### What is required
The output should contain the listing word for word and no pictures.

### Source material
--- START ---
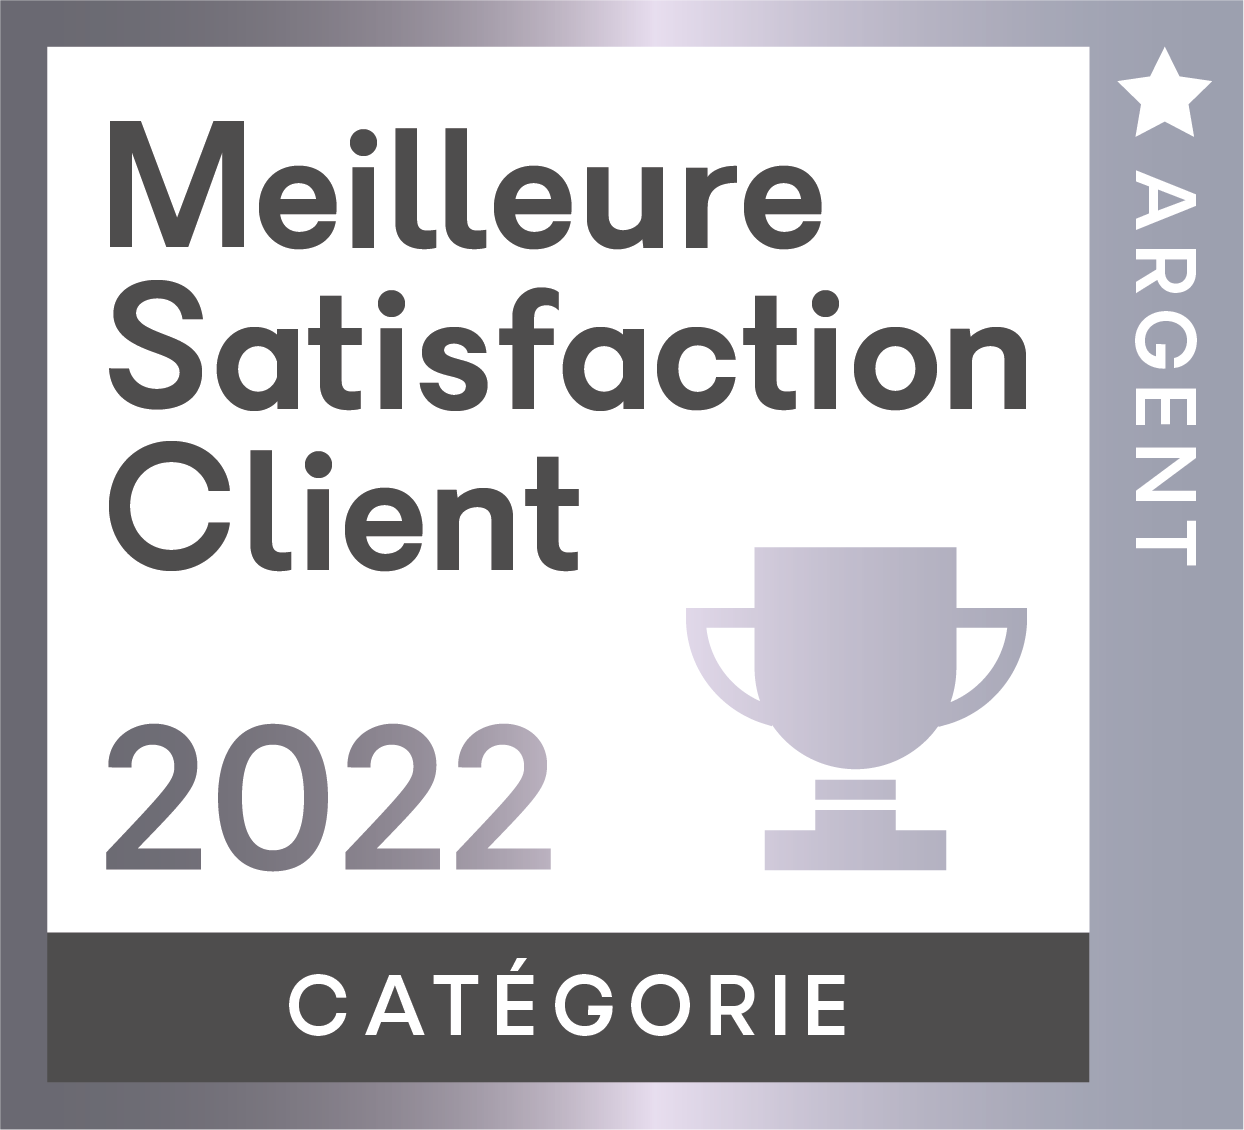 Argent_Cat_Meilleure_Satisfaction_Client_2022
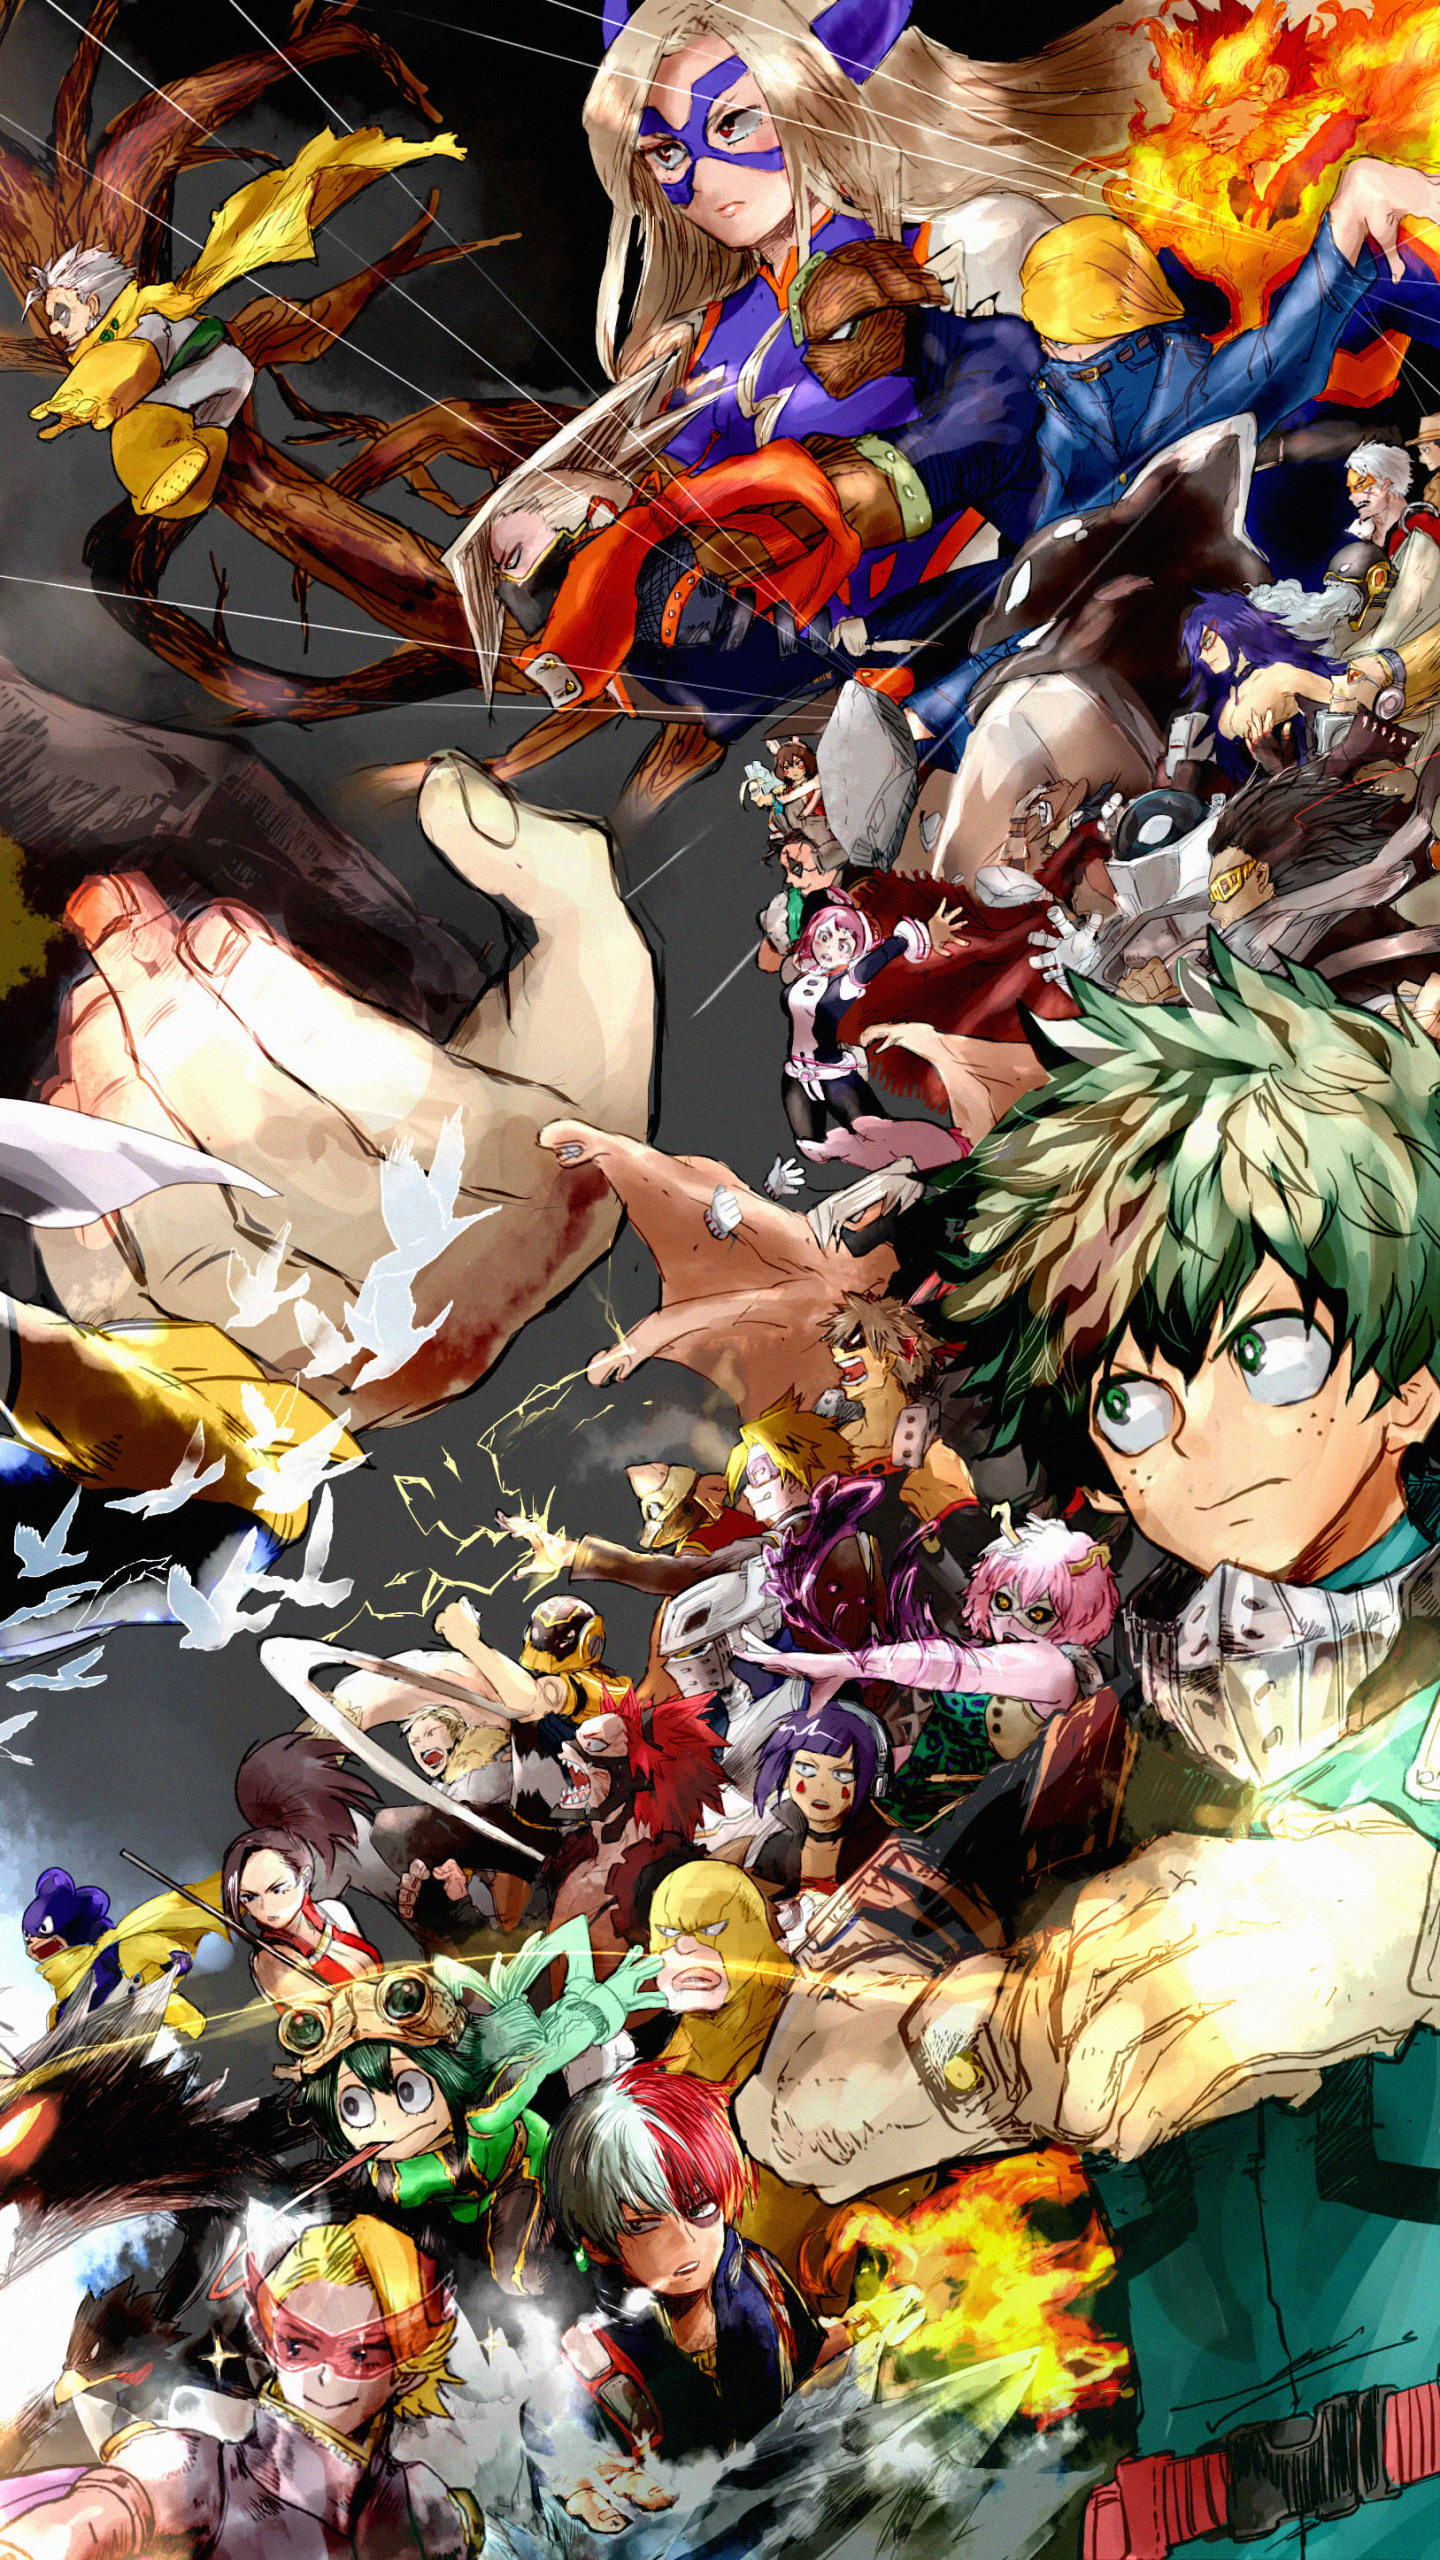 Wallpaper. Hero wallpaper, Anime wallpaper, Anime
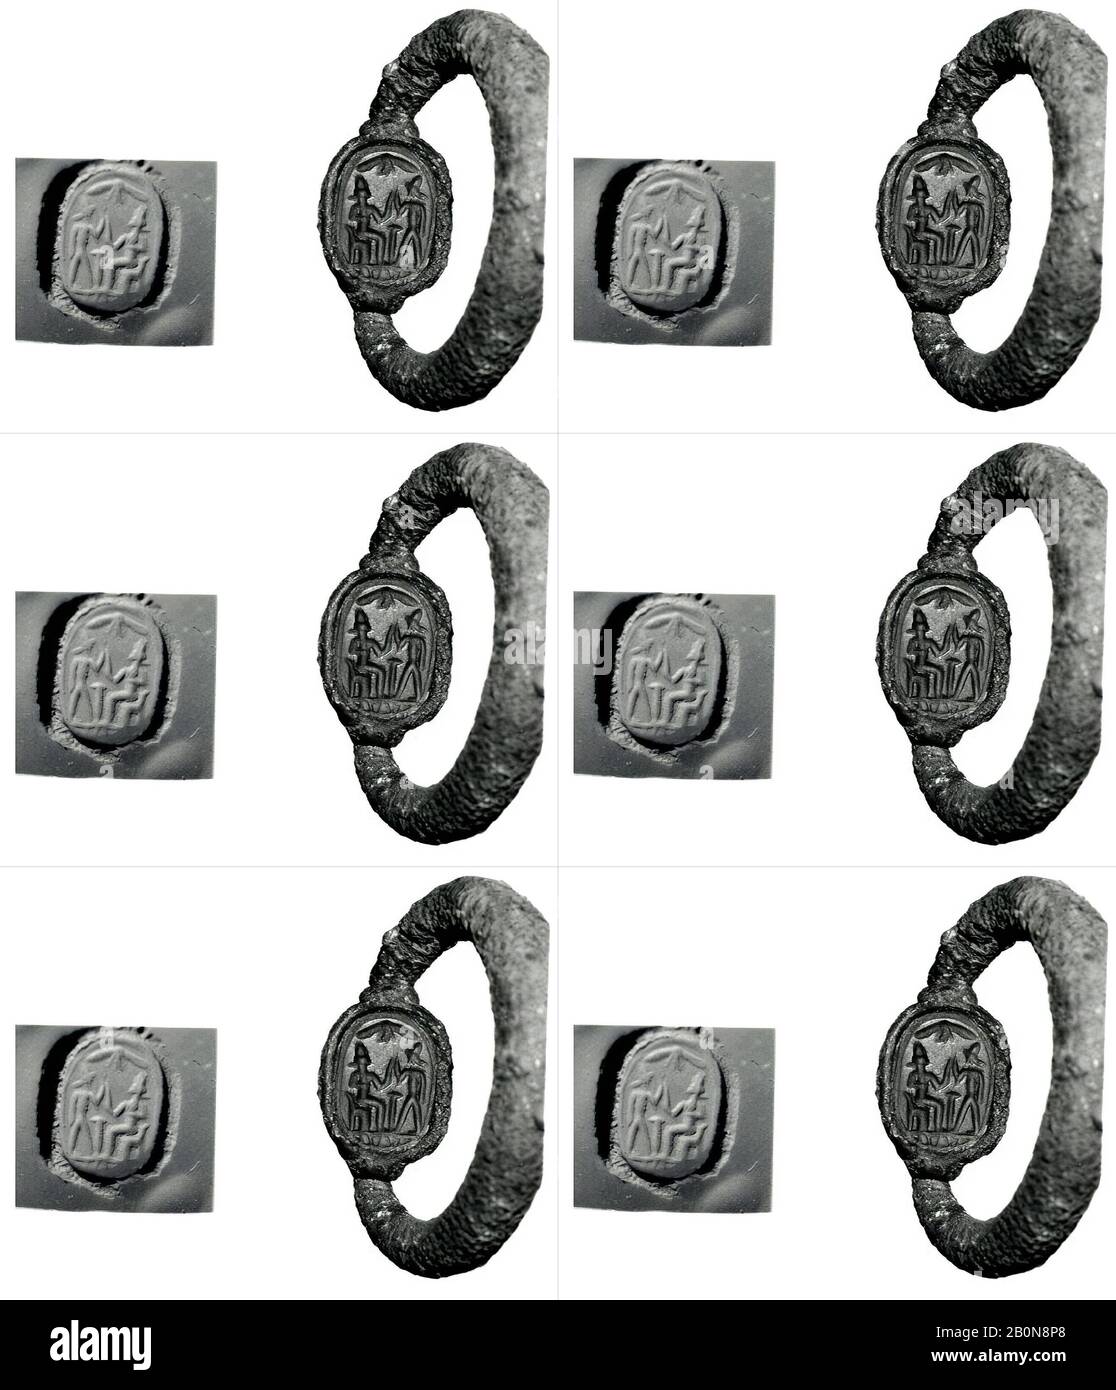 Silberner Schwenkring mit Skarabäus, zypriotisch, Archaisch, Datum 7.-Anfang 5. Jahrhundert v. Chr., zypriotisch, Silber, sard, Andere: 1/2 x 5/16 x 1/8 Zoll. (1,3 x 0,8 x 0,4 cm), Durchm. (Ringdurchmesser): 1 3/8 Zoll (3,4 cm Stockfoto
--- END ---
### Response to this task
 Argent_Cat_Meilleure_Satisfaction_Client_2022
 Wallpaper. Hero wallpaper, Anime wallpaper, Anime
 Silberner Schwenkring mit Skarabäus, zypriotisch, Archaisch, Datum 7.-Anfang 5. Jahrhundert v. Chr., zypriotisch, Silber, sard, Andere: 1/2 x 5/16 x 1/8 Zoll. (1,3 x 0,8 x 0,4 cm), Durchm. (Ringdurchmesser): 1 3/8 Zoll (3,4 cm Stockfoto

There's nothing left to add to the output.